Hide in Plain Sight takes 1 Action instead of 1 Minute in the Revised Ranger, and works slightly differently.
Vanish is the same, Ranger gets 2/3rds of Cunning Action.
If you read through the Dev's comments on the The Ranger: "Over the past year, you’ve seen us try a number of new approaches to the ranger, all aimed at addressing the class’s high levels of player dissatisfaction and its ranking as D&D’s weakest class by a significant margin."
Just because it's perceived as the weakest class doesn't mean it is though. Champion is one of the most popular Fighter subclasses even though mechanically it's the worst. Also, Jeremy said on Dragon Talk either this year or late last year that most of the dissatisfaction was with the Beast Master subclass and that's where they're focusing their efforts.
The Hunter Ranger is fine for damage output, but it's other abilities are just terrible compared to the Revised Ranger. Favored Enemy and Natural Explorer just pale in comparison, in every possibly way.

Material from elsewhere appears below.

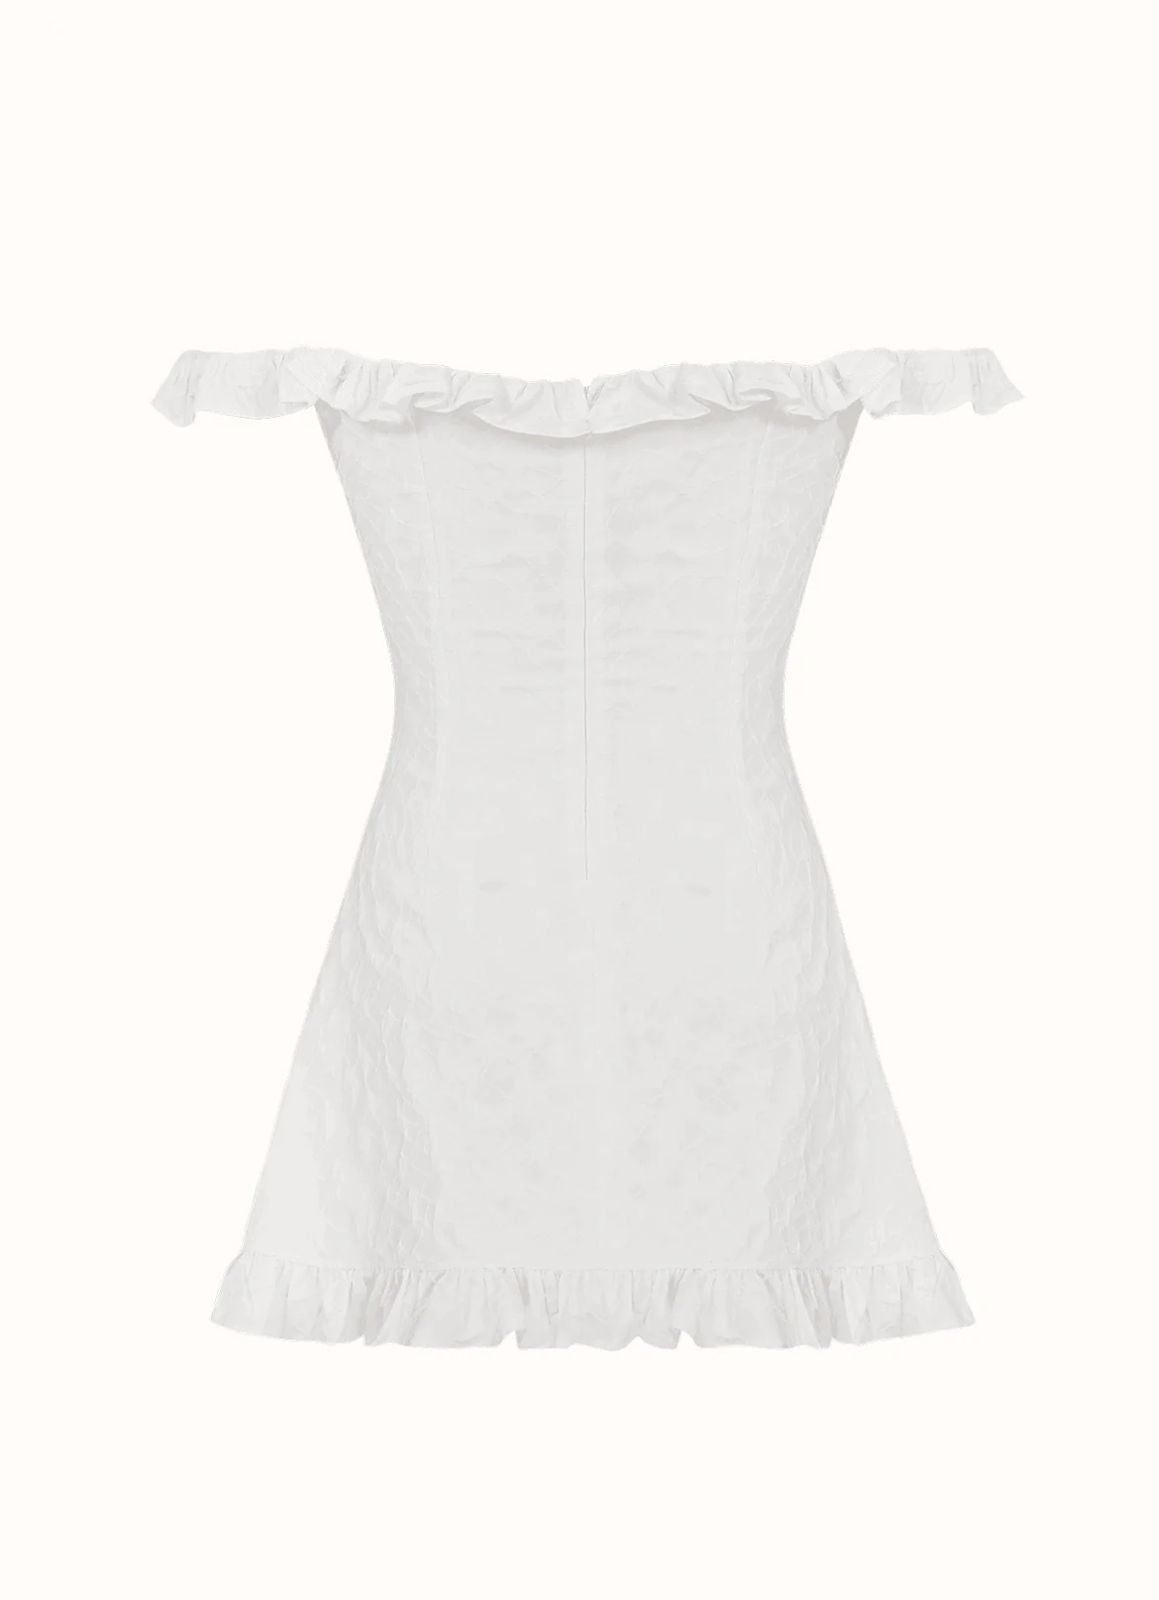 ROSE DRESS - WHITE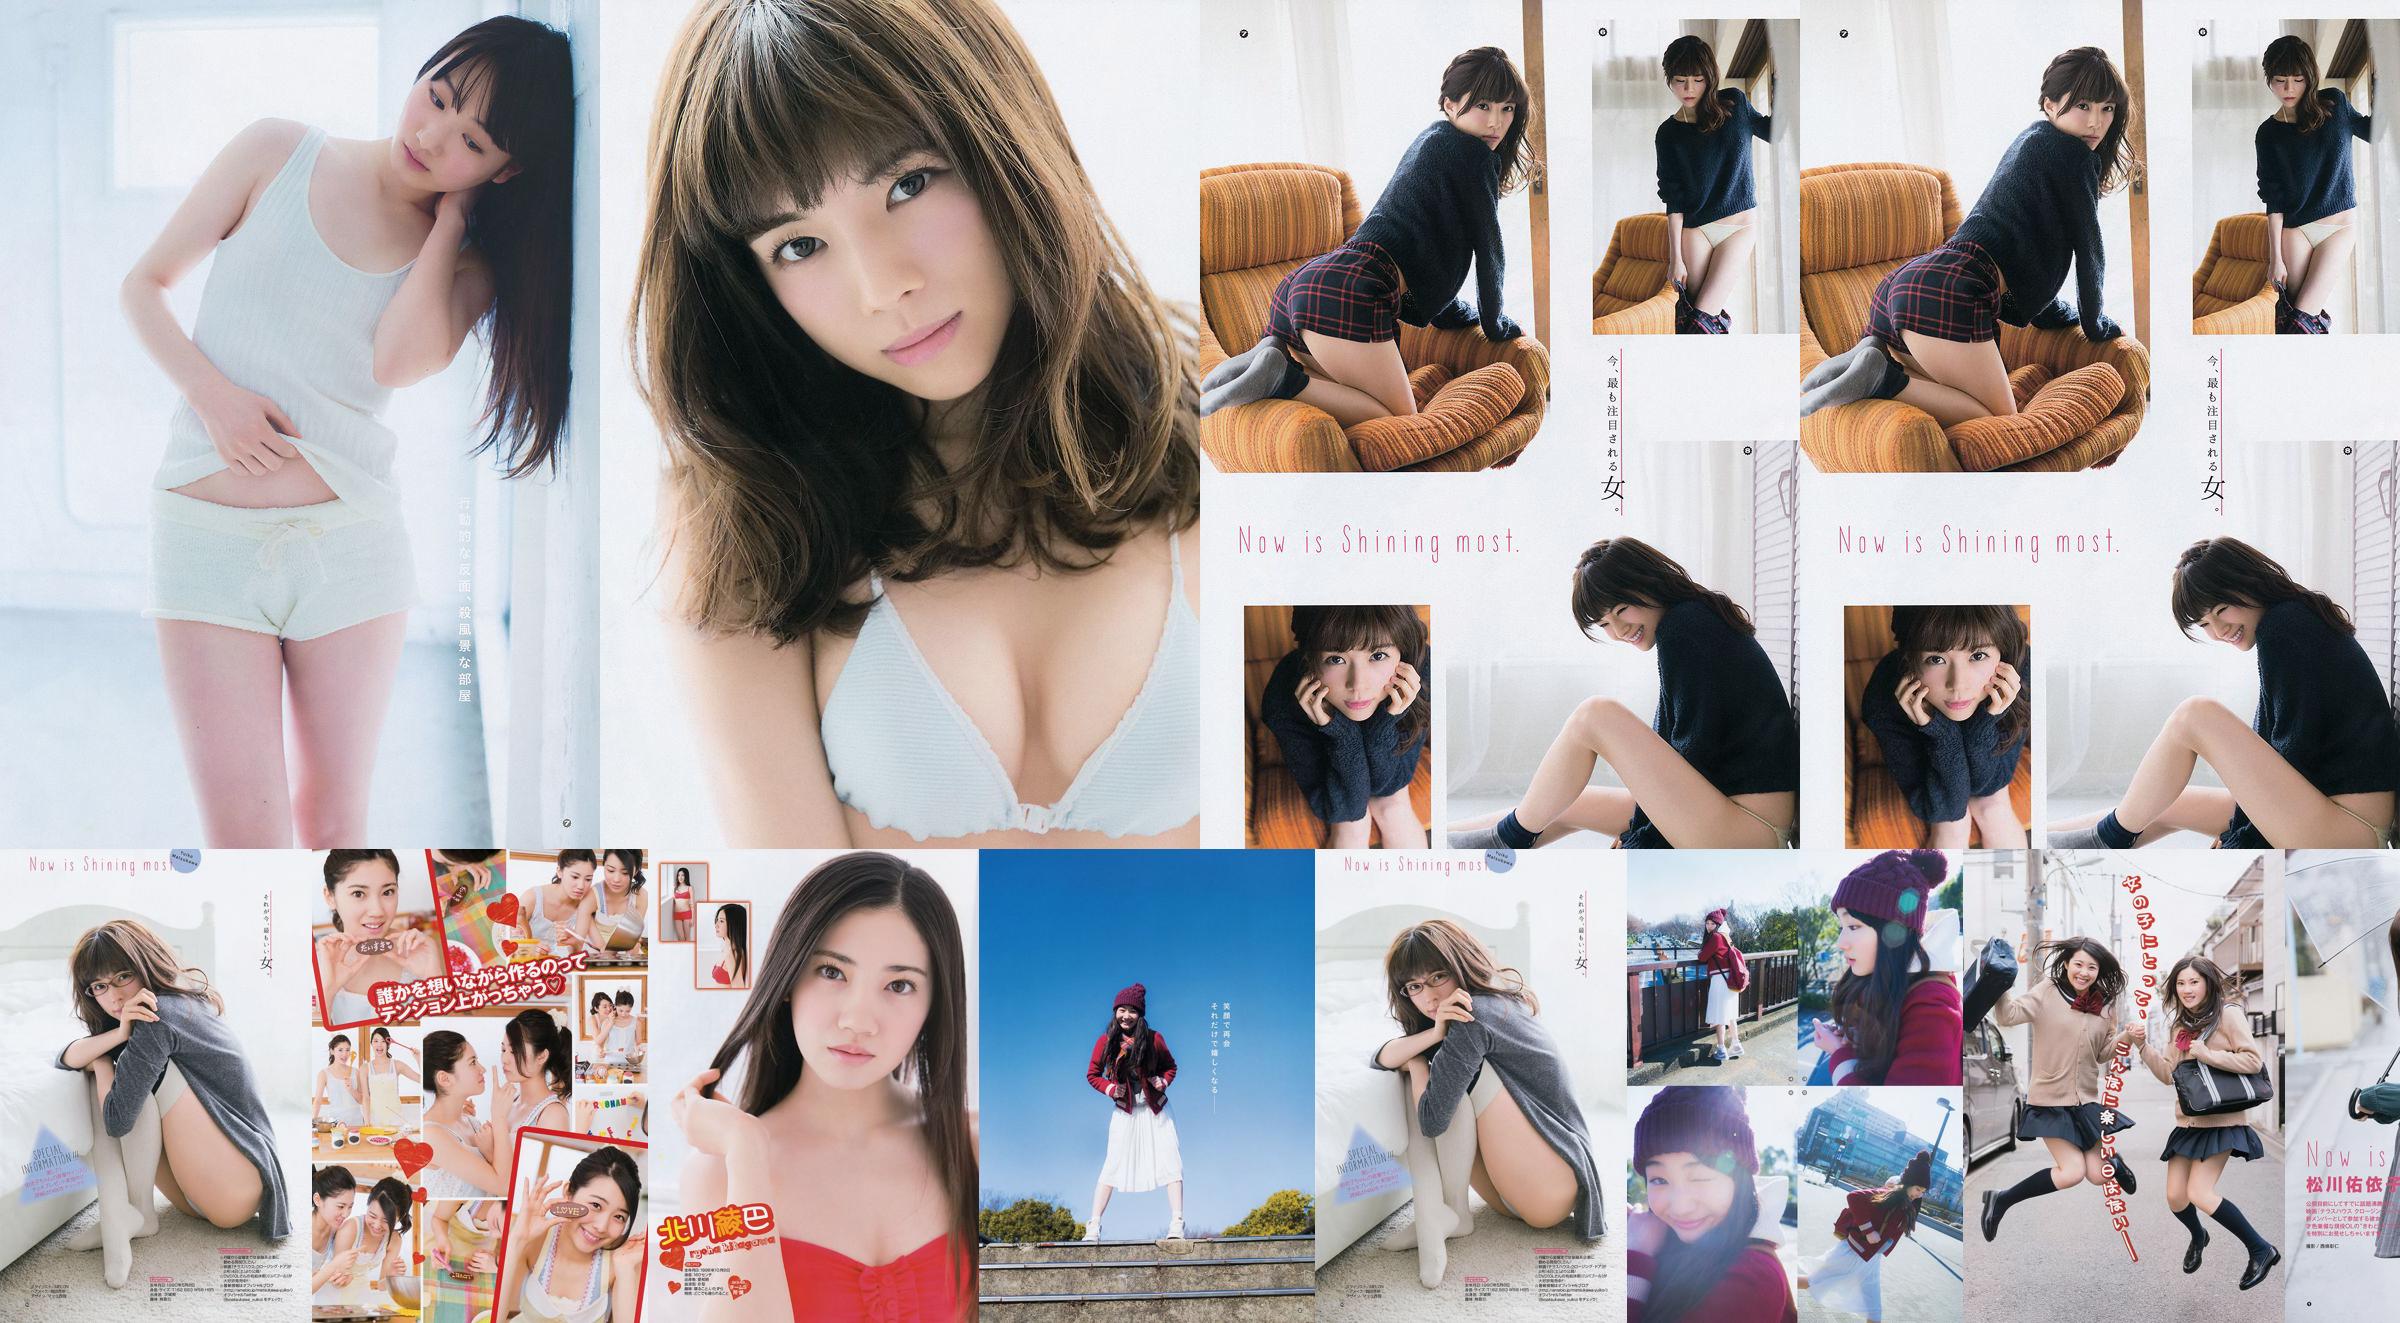 [Young Gangan] Ryoha Kitagawa Ami Miyamae Yuiko Matsukawa Narumi Akizuki 2015 Fotografia No.04 No.e7f48b Página 4

The UA Favored Enemy and Natural Explorer were total overkill. UA content is notorious for being overpowered and not balanced for multiclassing.
Tbh I think Primeval Awareness was the only big issue there. The spell slot cost was silly when Rangers have so few slots in general. Making it take time, be limited to favoured enemy(/ies) was a perfect fix. UA Natural Explorer is definitely OP, as someone who played UA Ranger for the first couple levels.
I disagree about the UA content being OP. Compared to the OG Ranger, it of course might look OP, because it's just soooo bad.
Also talk about Natural Explorer and Favored Enemy separately.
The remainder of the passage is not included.